DESCRIPTION OF THE TASK:
Once you find the line with "Ghost 1 Boat Exterior Cruising" in the listing below, set down exactly every line from it through the line with "Angela Salvagno Twitter", but no pictures.

INPUT DATA:
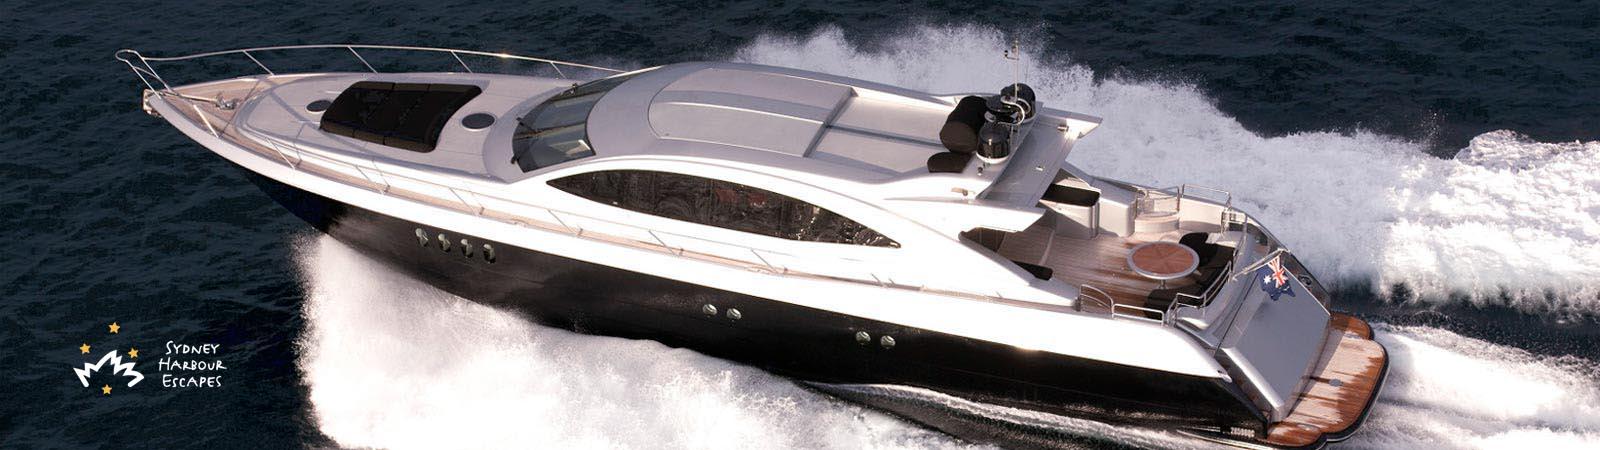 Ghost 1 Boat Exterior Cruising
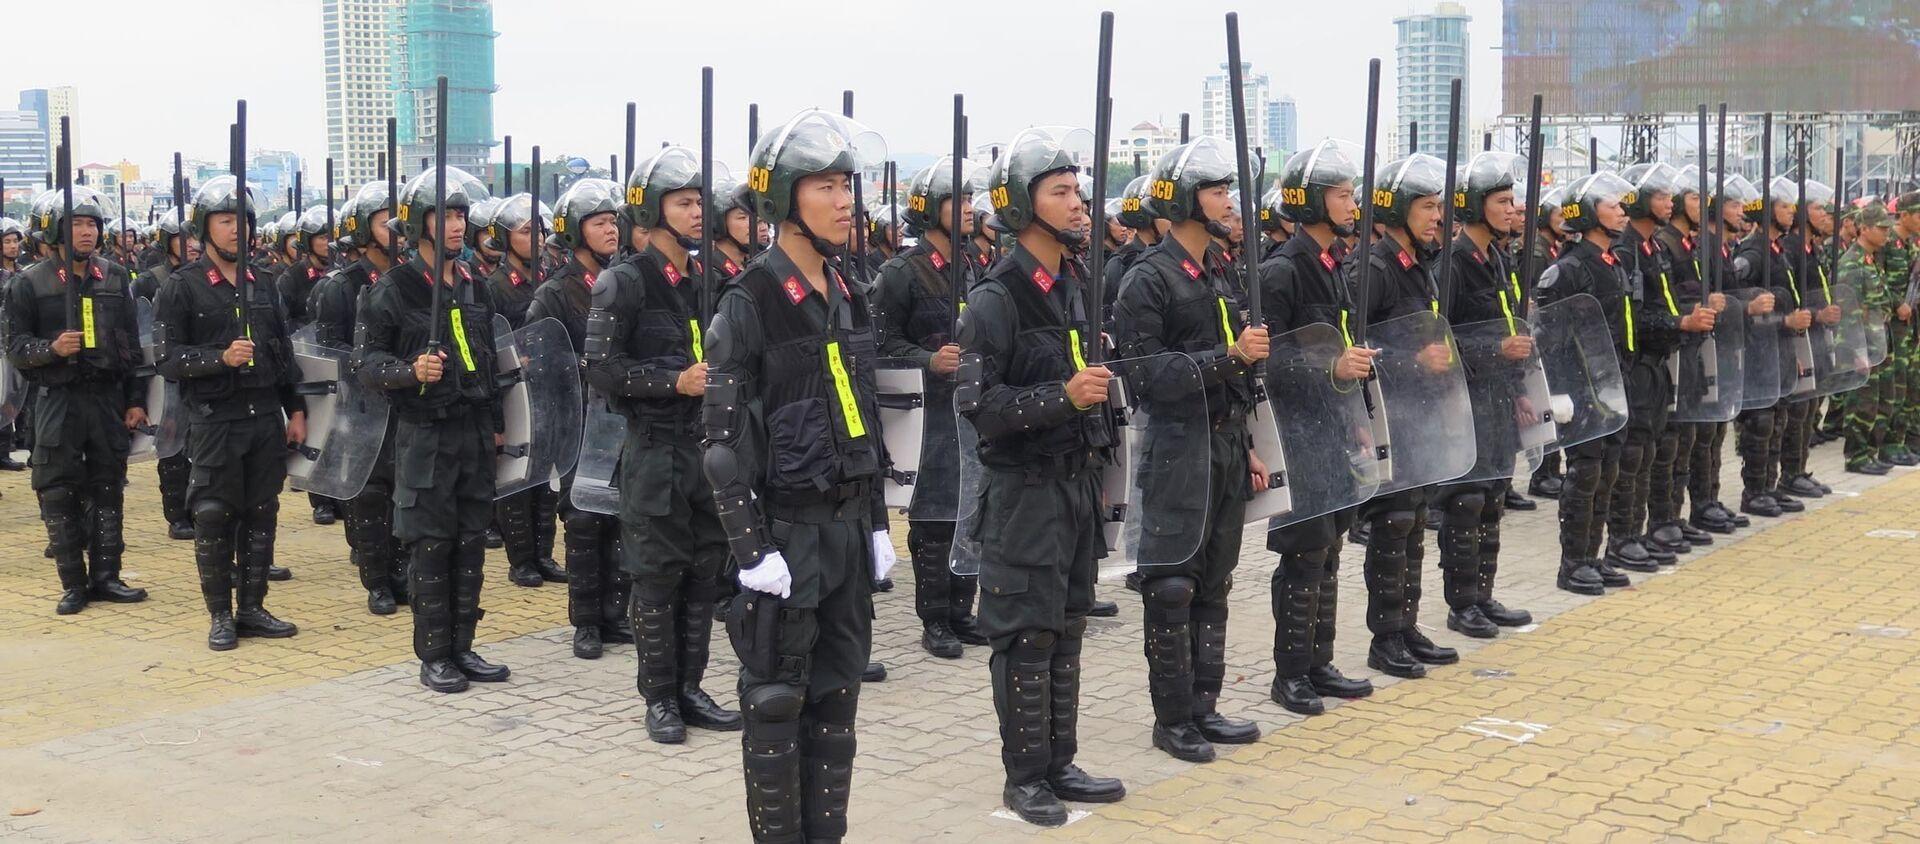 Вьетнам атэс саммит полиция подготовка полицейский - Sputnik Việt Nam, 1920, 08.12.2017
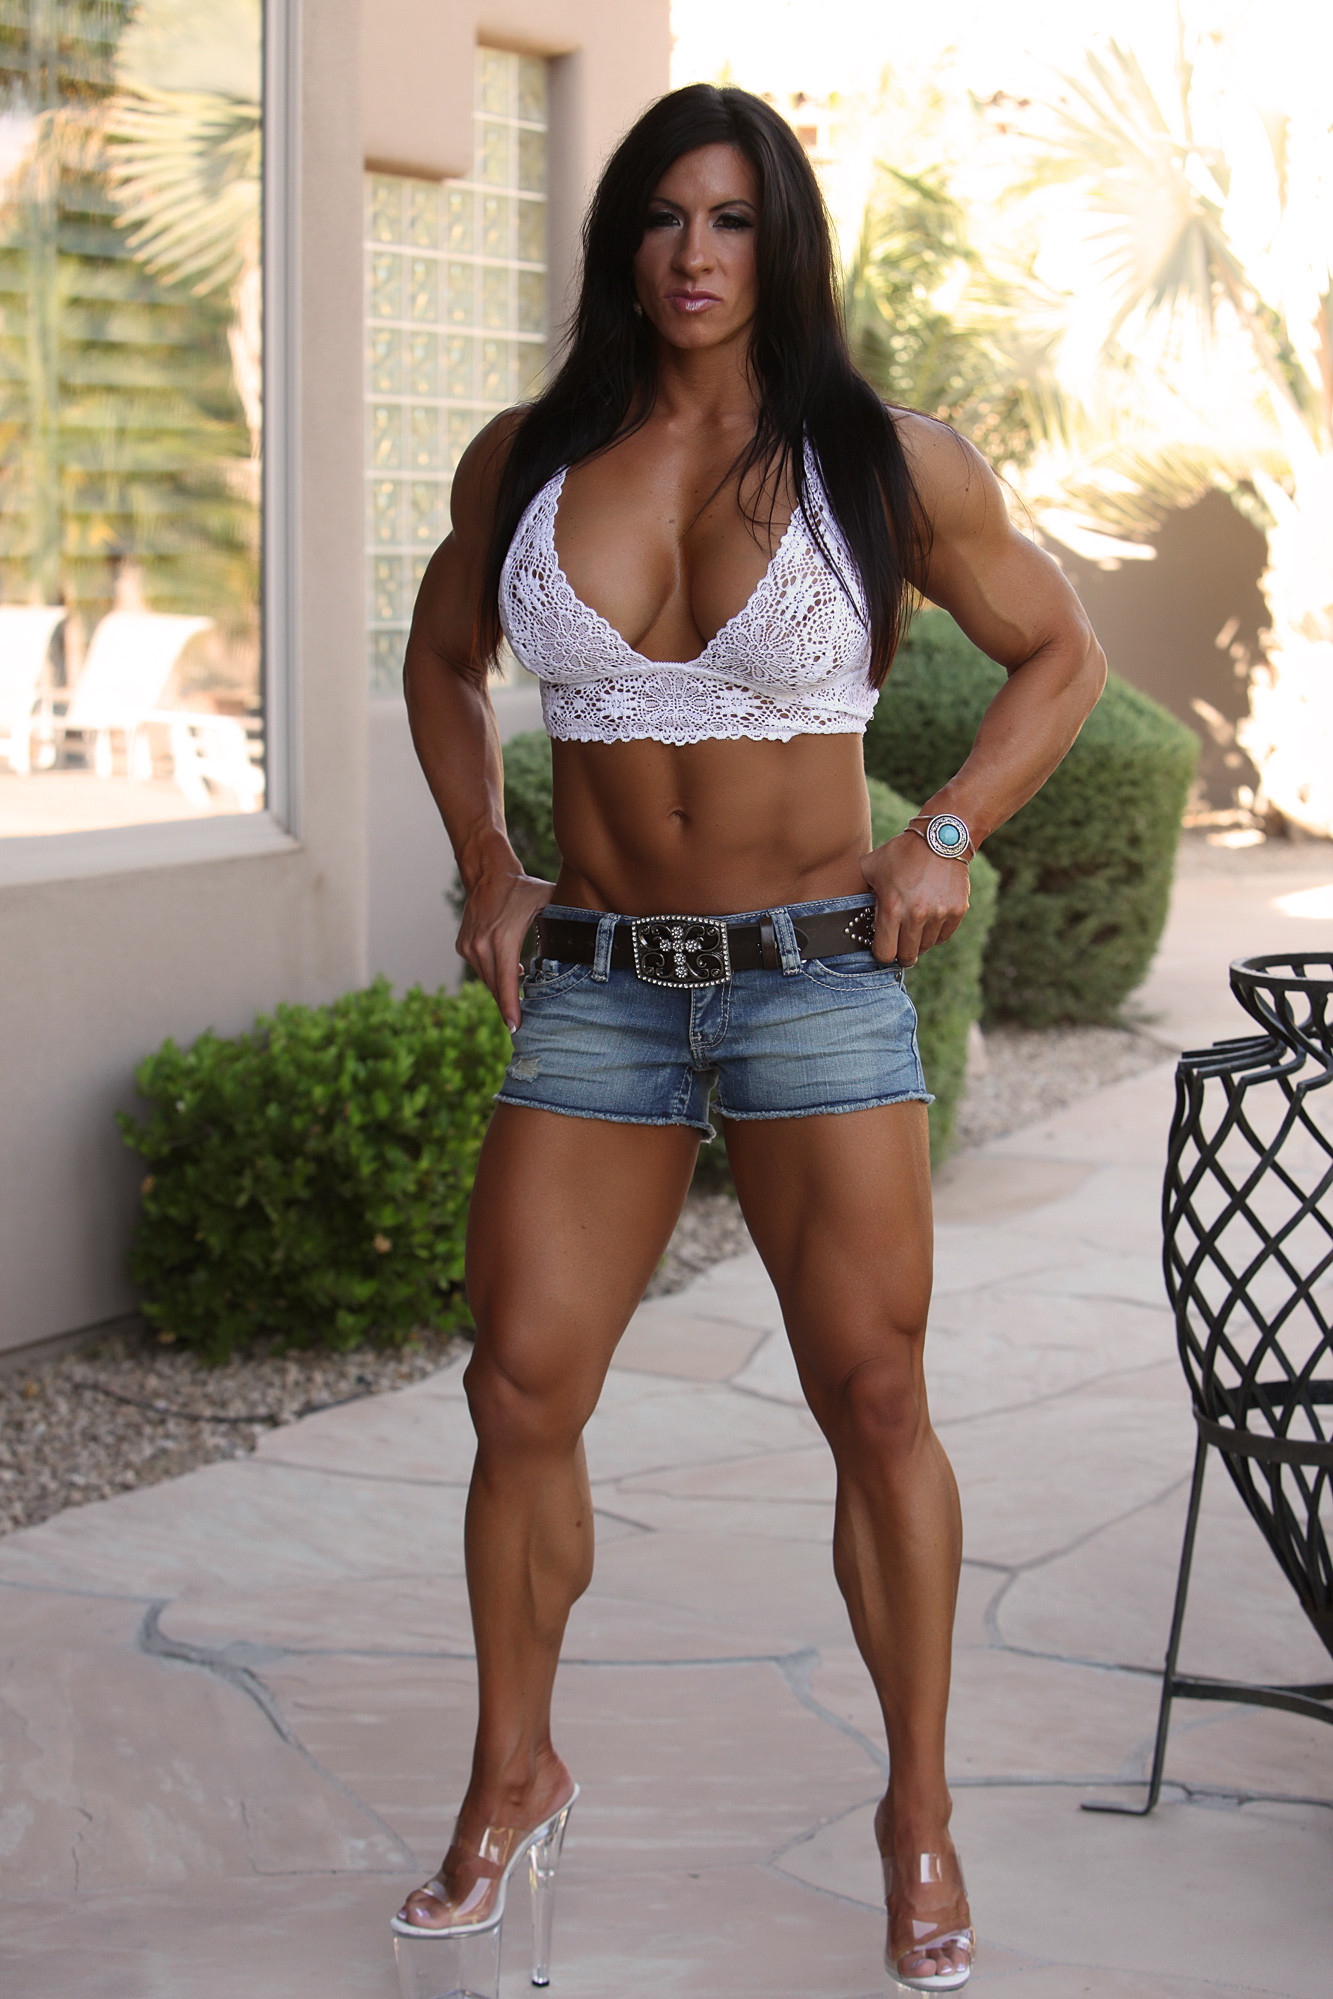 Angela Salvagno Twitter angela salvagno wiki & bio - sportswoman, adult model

...

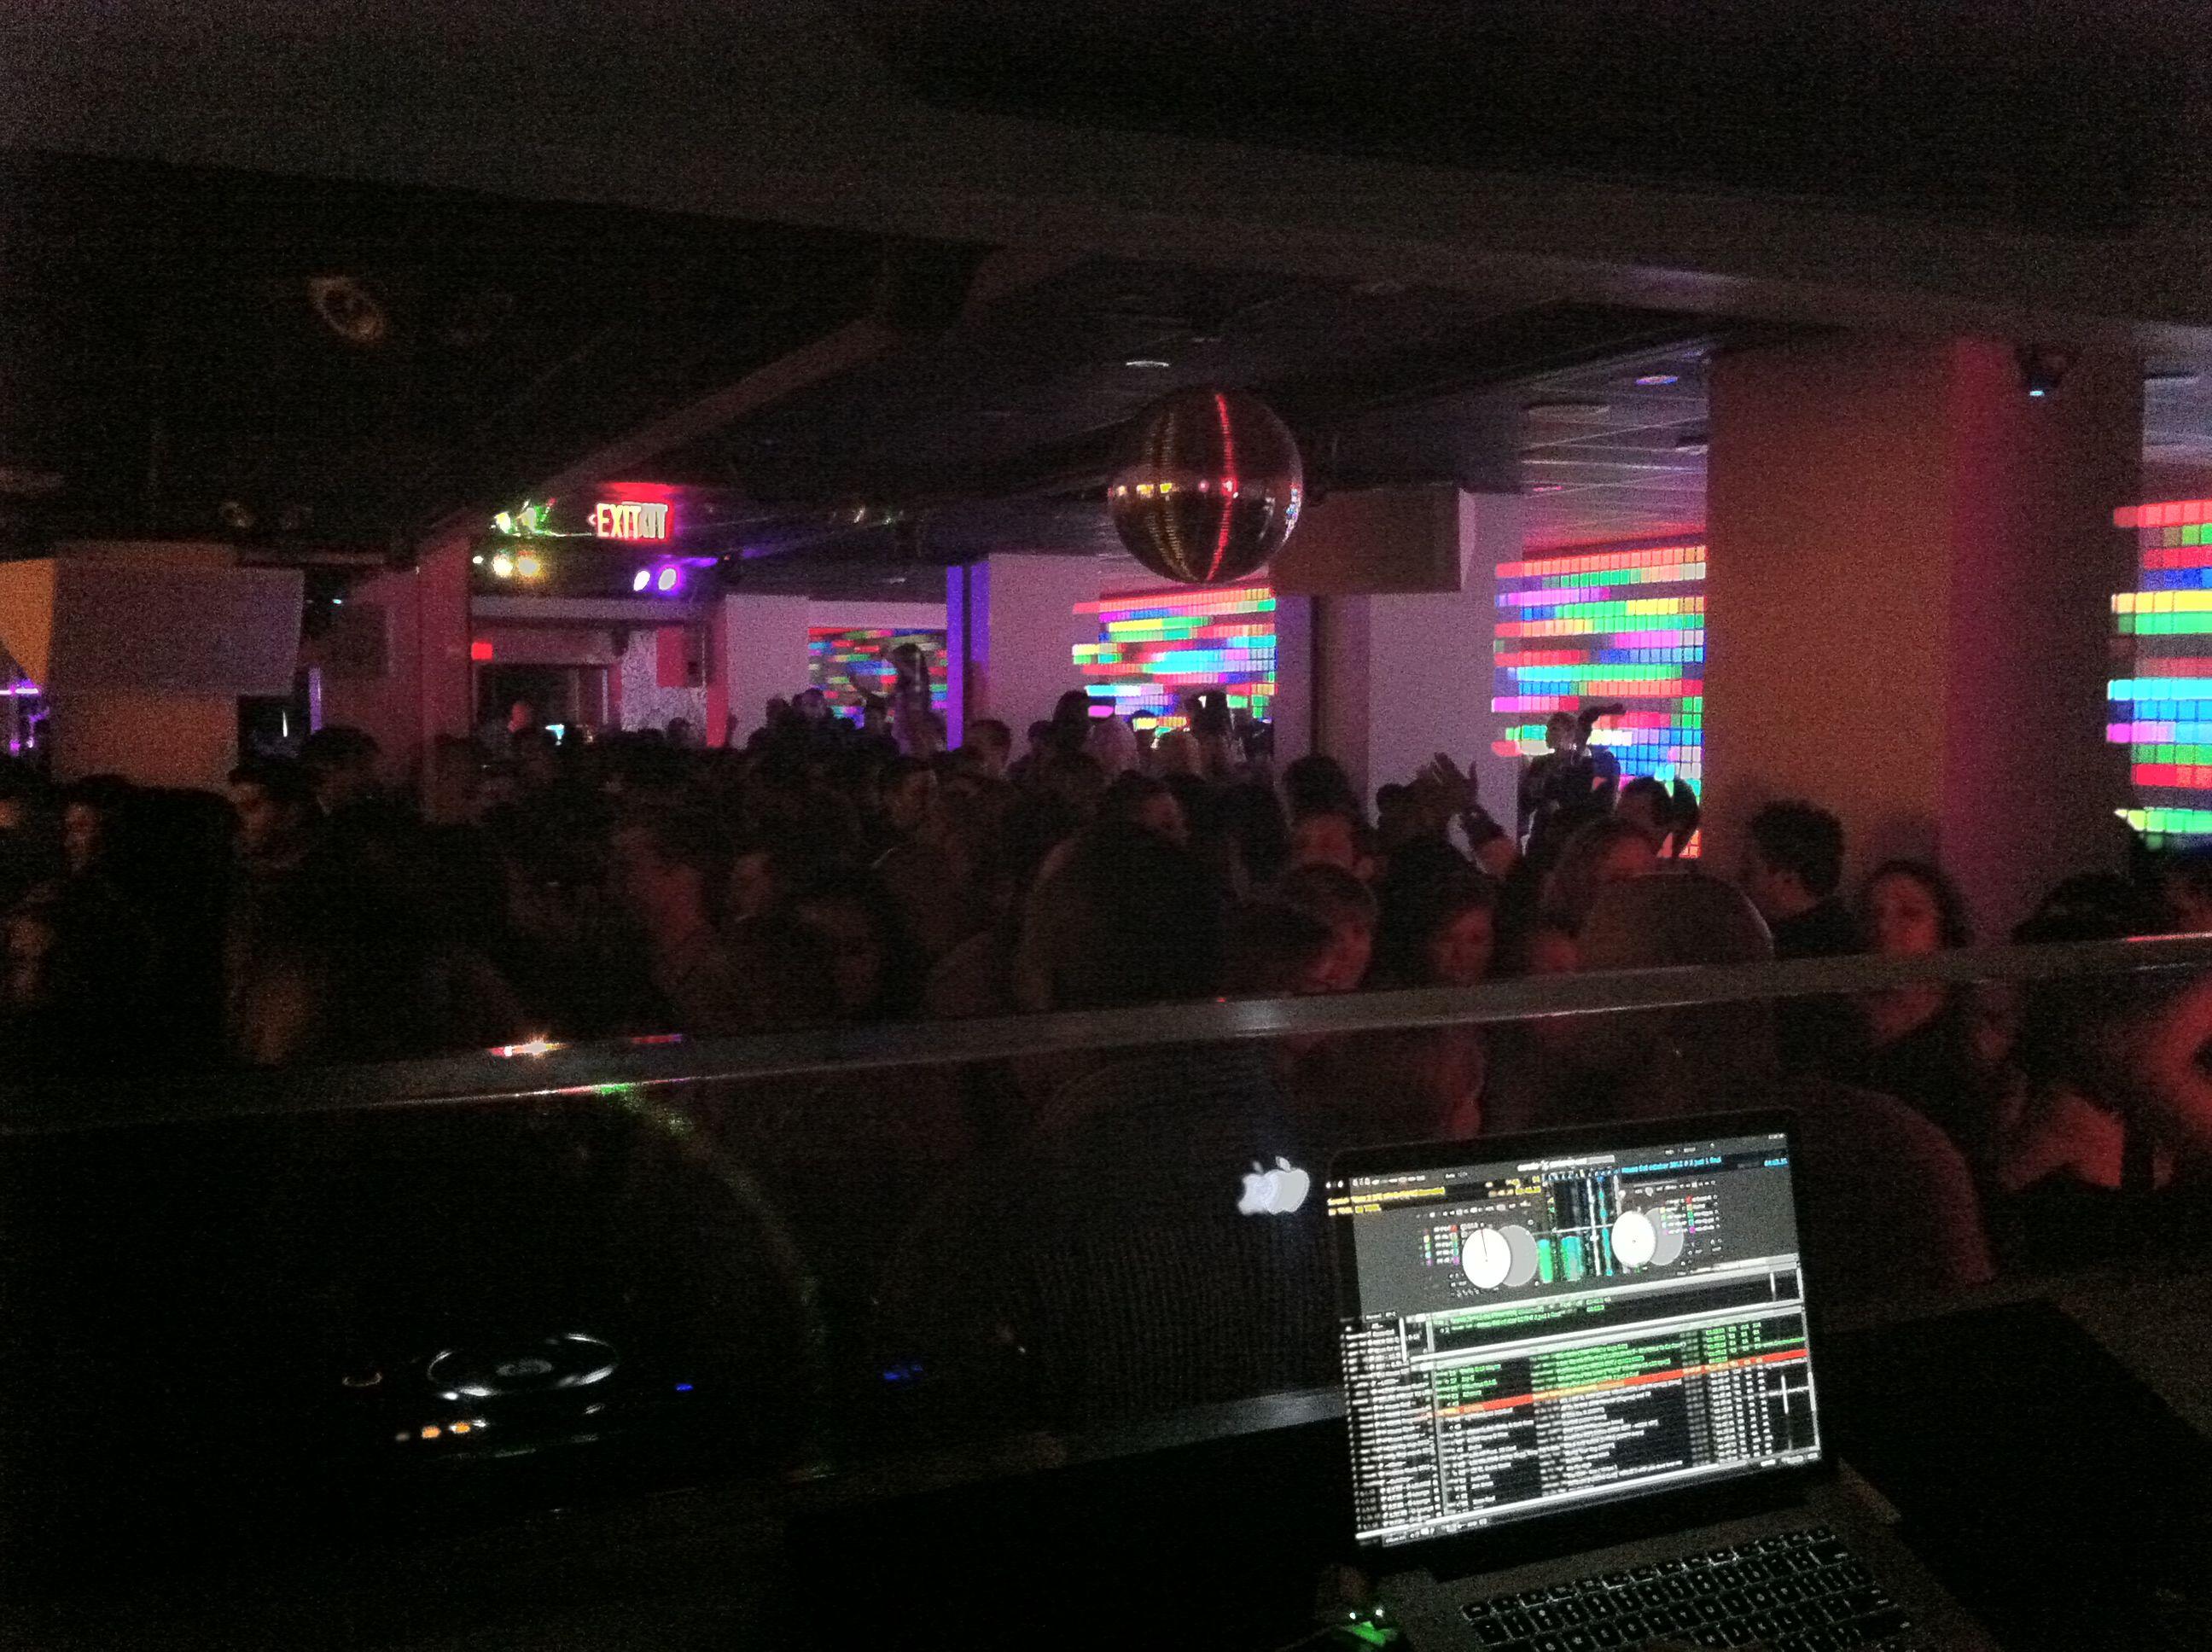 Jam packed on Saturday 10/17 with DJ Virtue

WRITTEN REPLY:
 Ghost 1 Boat Exterior Cruising
 Вьетнам атэс саммит полиция подготовка полицейский - Sputnik Việt Nam, 1920, 08.12.2017
 Angela Salvagno Twitter angela salvagno wiki & bio - sportswoman, adult model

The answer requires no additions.